Фанфан прошелся по комнате, взглянув в окно на парусник, который с попутным ветром выходил из гавани, и возвратился к Авроре Баттендье.

— Я все давно простил, — махнул он рукой. — Но вы её откуда знаете?

— Ни за что не угадаете, — кокетливо улыбнулась она. — Мы были вместе в пансионе Сестер милосердия в квартале Сен-Дени, хотя и в разных группах я старше, чем она — но подружились за последний год, когда хотели принять постриг.

— Вы тоже?

— Да.

— Господь лишился двух таких красавиц!

— И как-то раз нас вместе, — продолжала Аврора Баттендье, — застукала мать-настоятельница, когда… — она вдруг запнулась, сильно покраснела и нежной ручкой прикрыла рот.

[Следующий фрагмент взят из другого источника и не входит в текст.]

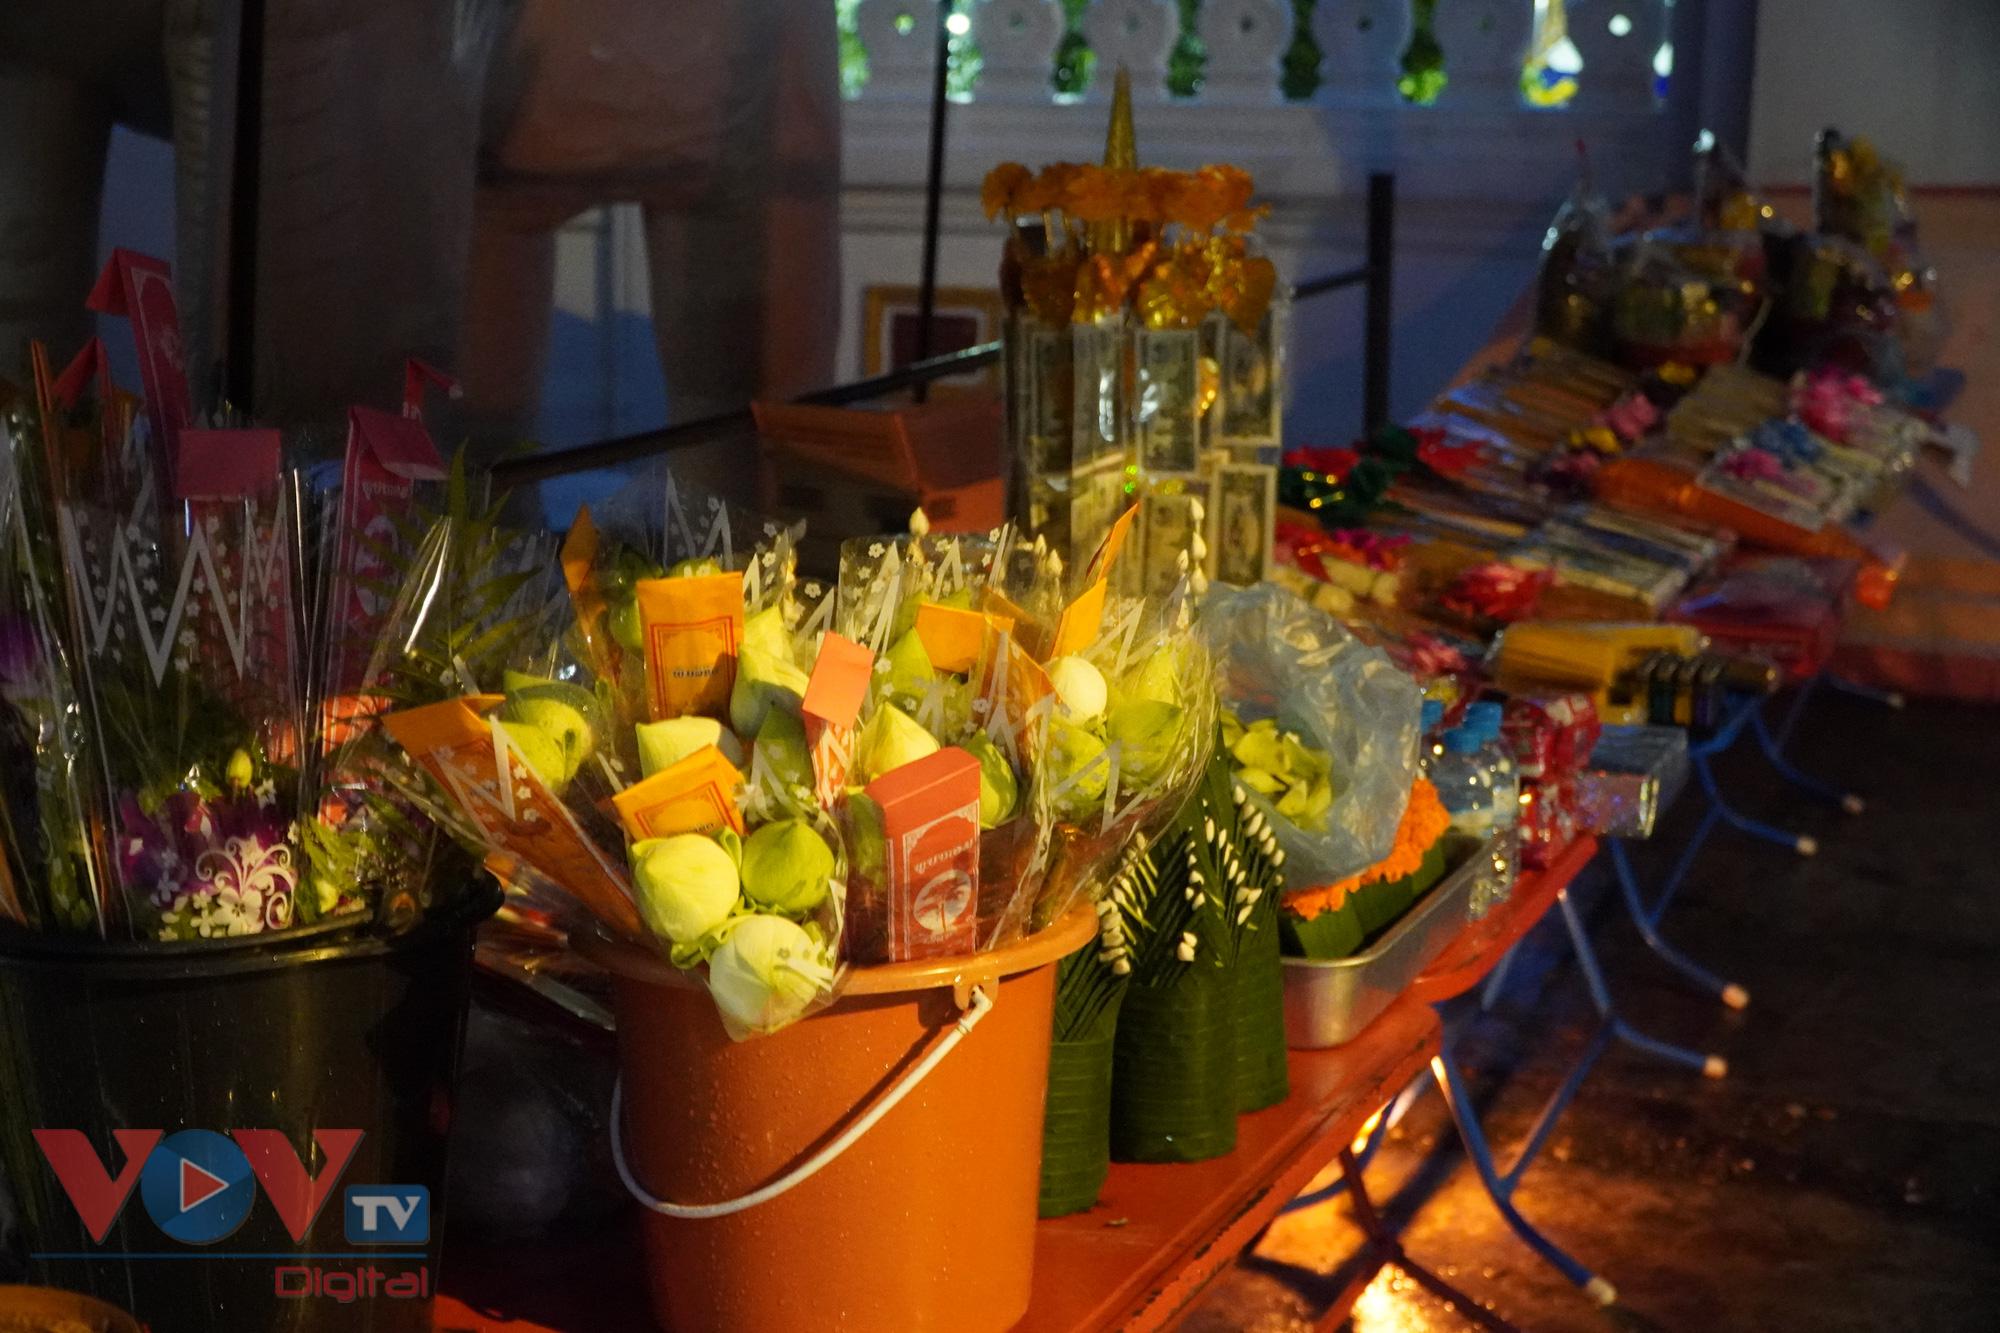 Để phục vụ du khách muốn tham gia nghi lễ Takbat, nhiều hàng quán đã bày bán đầy đủ đồ cúng dường cần thiết ngay cạnh cổng chùa

— Ну-ну! — воскликнул тут Фанфан, тоже смущенный, судя по всему. — Я ничего не слышал, мадам, — добавил он, — к сожалению… — и тихо засмеялся. Мадам Баттендье, подняв свои прекрасные глаза, которые до этого потупила, как подобает доброй христианке, вдруг закусила губку (такую яркую и нежную!) и тоже тихо рассмеялась.

— Какая жалость! — сказал Фанфан.

— Почему? — чуть слышно спросила она.

— Мы годы жили в Париже по-соседству, а я вас никогда там не встречал!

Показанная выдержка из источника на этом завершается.